Remember, too, that since your reps are best constrained to the 8-12 range and the loads you use don’t change dramatically to stay in that range, increasing your total sets is the best way to increase total training volume.

That may mean doing 3 sets instead of 2 or 5 instead of 4, for all the exercises in your routine, or adding another movement (hopefully from a slightly different angle to emphasize a different area of the muscle).

  1. Increase Your Training Frequency

Like volume, increasing the frequency with which you train a muscle group can increase the overload. And, like volume, you can get too much of a good thing. This technique works particularly well when targeting a lagging or weak body part. The traditional approach to training a muscle group is once over the course of the training split, but training it more frequently may help bring it up, especially when used as a short-term strategy.

So instead of training shoulders once a week, train them twice or three times.  Add them onto another workout such as chest and triceps, or at the end of your back workout as well as giving them a full workout on another day,.  As with all things body sculpting, remember to switch up the exercises so you are hitting the muscle groups from all angles.

  1. Decrease Your Rest Time Between Sets

Lastly, to progressively overload you can decrease the amount of time you rest between sets, asking more of your muscles and giving them less time to recover. This allows you to do the same amount of work but in less time forcing your body to become more metabolically efficient in weightlifting.

Decide which Method of Progressive Overload Works For You

You can include any of these methods in your training, but it’s best to focus on just one at a time. As adaptation eventually occurs, and I promise you it will, it’s good to know you have other methods available, especially if simply increasing weight just doesn’t seem to work any longer.

Of course, this is all assuming you’re interested in building muscle (staying with the 8- to 12-rep range, which is optimal for hypertrophy). If you’re looking to focus on strength, increasing resistance may be a more favorable option than simply doing more reps. Similarly, individuals wanting to increase muscle endurance may find that higher repetitions combined with increases in reps, not load, is more effective for achieving their goals.

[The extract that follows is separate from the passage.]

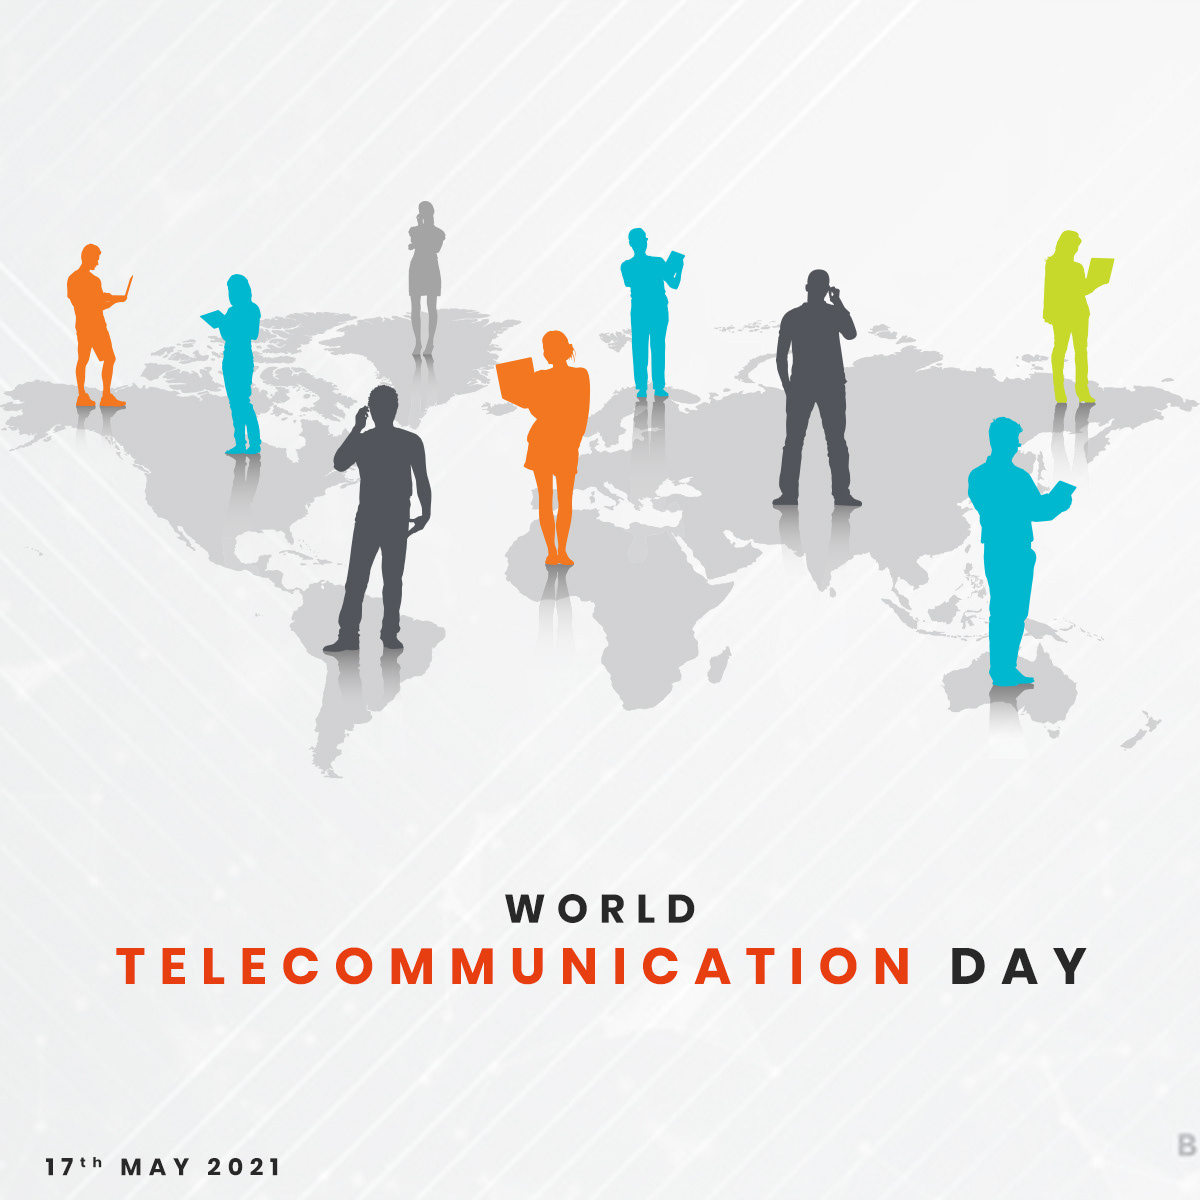 #communication #telecommunication

While factors such as increasing total volume will be important to a bodybuilder, decreasing the rest time between sets and increasing repetitions may be more beneficial for endurance athletes or individuals concerned with muscular endurance and cardiovascular fitness rather than gains in strength and power. The techniques you use should be in line with your fitness goals. Prioritize what’s important to you.

Bottomline…

If you want to sculpt beautiful muscles, increase your metabolism and get stronger and fitter as a result, progressive overload is the absolute key.

It doesn’t matter who you are, what your goal is, or what type of workout/exercise you’re doing. If you want it to work, you must focus on making progressive overload happen.

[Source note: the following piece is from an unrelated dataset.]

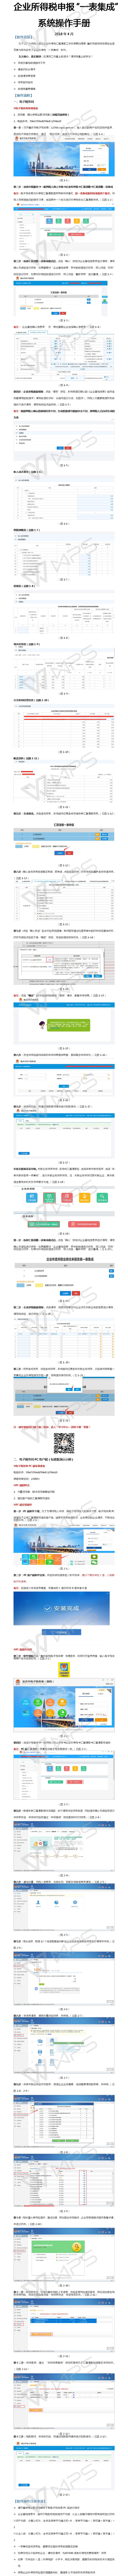 重庆国税企业所得税申报“一表集成”系统操作手册-min.jpg

If you don’t, you will plateau. If you do, you are guaranteed to see changes.

It’s that simple.

 

4 thoughts on “Progressive Overload: The Key to Seeing Results

  1. Caroline Anthony says:

    I’m just starting out so should I try for the reps indicated in the training plan at a weight I can do it (with effort to get that last two), or, should I not worry about the reps and do what I can, heavy? For example, I can do 15,10,8 reps of incline barbell chest press at 17.5kg. The last couple on the first set are an effort and then it is more effort to get through the other two sets, but I can do it. today I upped the weight to 20kg and could only do 7, 8, 6 against the rep requirements. Is that better? Thanks!

    • Kim Constable says:

      Hi Caroline! You should aim to increase your weight per set. So start with 15kg first set, then perhaps 17.5, then 20 then 22.5kg. Aim for the reps specified but if you fall a few short it’s fine. Keep those weights the same each week until you start to get stronger, then increase them all. Kim x

  2. Donna Barber says:

    Great article! Love the accurate info. I’m a CSCCa certified strength coach and need some personal changes/new challenges. I’ve toyed with being a vegan lifter and would really like to dive in 100%. Glad I found your site.